Thursday 22 October 2009

w kwitnącym sadzie



w kwitnącym, starym sadzie, pod śnieżnobiałymi gałęziami wiśni i jabłoni postawię drewniany stół. podmuchem ciepłego, wiosennego wiatru rozścielę haftowany, biały obrus. między drzewami ustawię krzesła nie do pary. płatkami kwiatów oprószę miekki dywan trawy pod stopami.





na stole staną ciasta, tarty i kompoty, poduchy miekko zaproszą, aby spocząć na nich. promienie słońca umają mi pogodę. gdzieś z drzewa bezszelestnie zeskoczy czarny kot. radosny śmiech bosych dzieci w głębi sadu i psa szczekanie, gdzieś w oddali. idę po trawie zdobnej stokrotkami w biało-zwiewnej sukni, niosąc na dłoniach tacę z maślanymi ciasteczkami.


fot. Enchoclatte

za chwilę sad się rozpromieni głosami, śmiechem, ciepłem objęć. przy stole razem zasiądziemy by uczcić radość życia, miłość i piękno chwili... rodzice, bliscy i kochani, dzieci i przyjaciele, wszyscy razem, przy jednym stole, gdzieś w starym sadzie, pod kwiatem wiśni i jabłoni...

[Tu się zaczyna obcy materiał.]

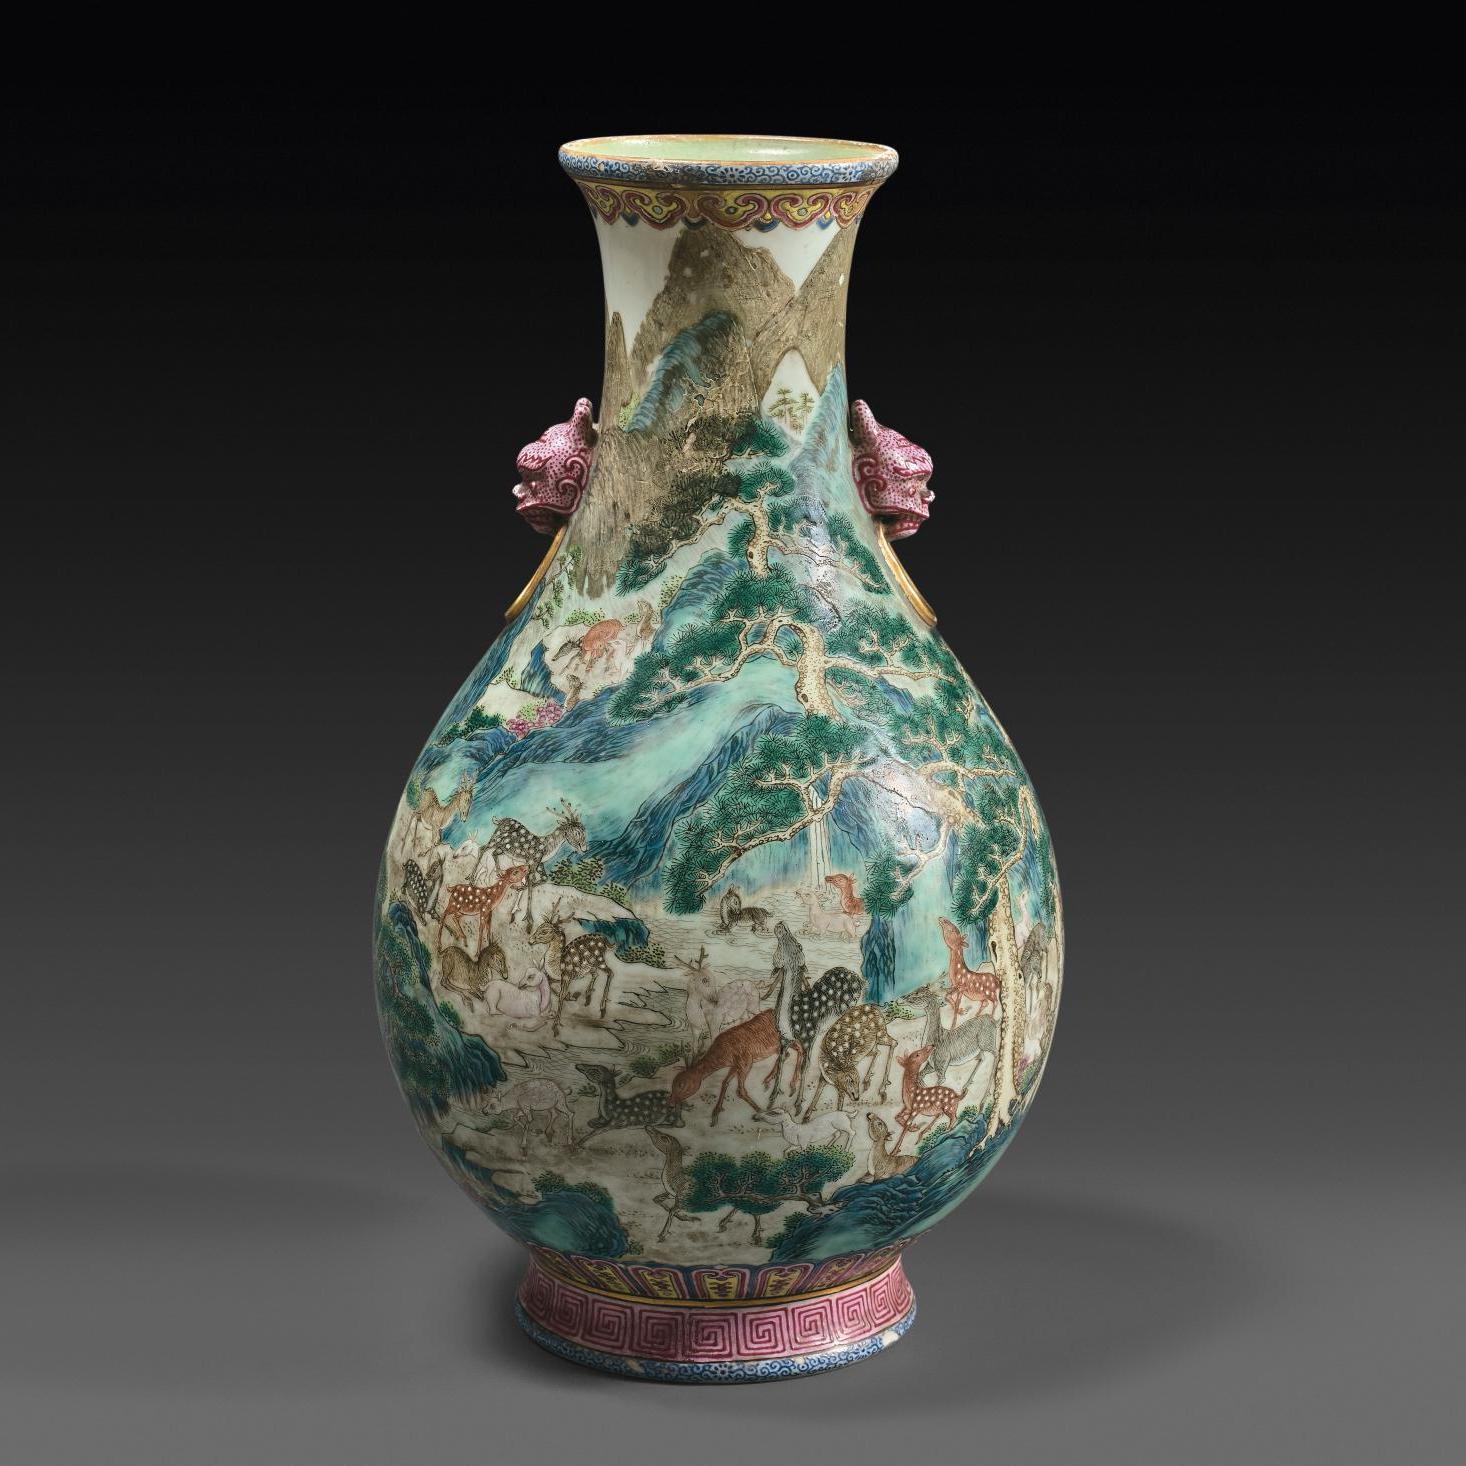 Après-vente - Van Dongen et un vase chinois aux cent daims

nie to nie sen, ale i nie jawa. to wszystko mam tuż przed oczami. obraz widziany bardzo często, choć tylko w mojej wyobraźni. marzenie, które noszę w sobie, choć nie wiem czy się spełni kiedykolwiek...

fot. Steven Randazzo

fot. Steven Randazzo

marzenie powracające do mnie coraz częściej. daje o sobie znać na wszelkie sposoby. niechcący natykam się na nie w obrazach, słowach... czy to coś znaczy?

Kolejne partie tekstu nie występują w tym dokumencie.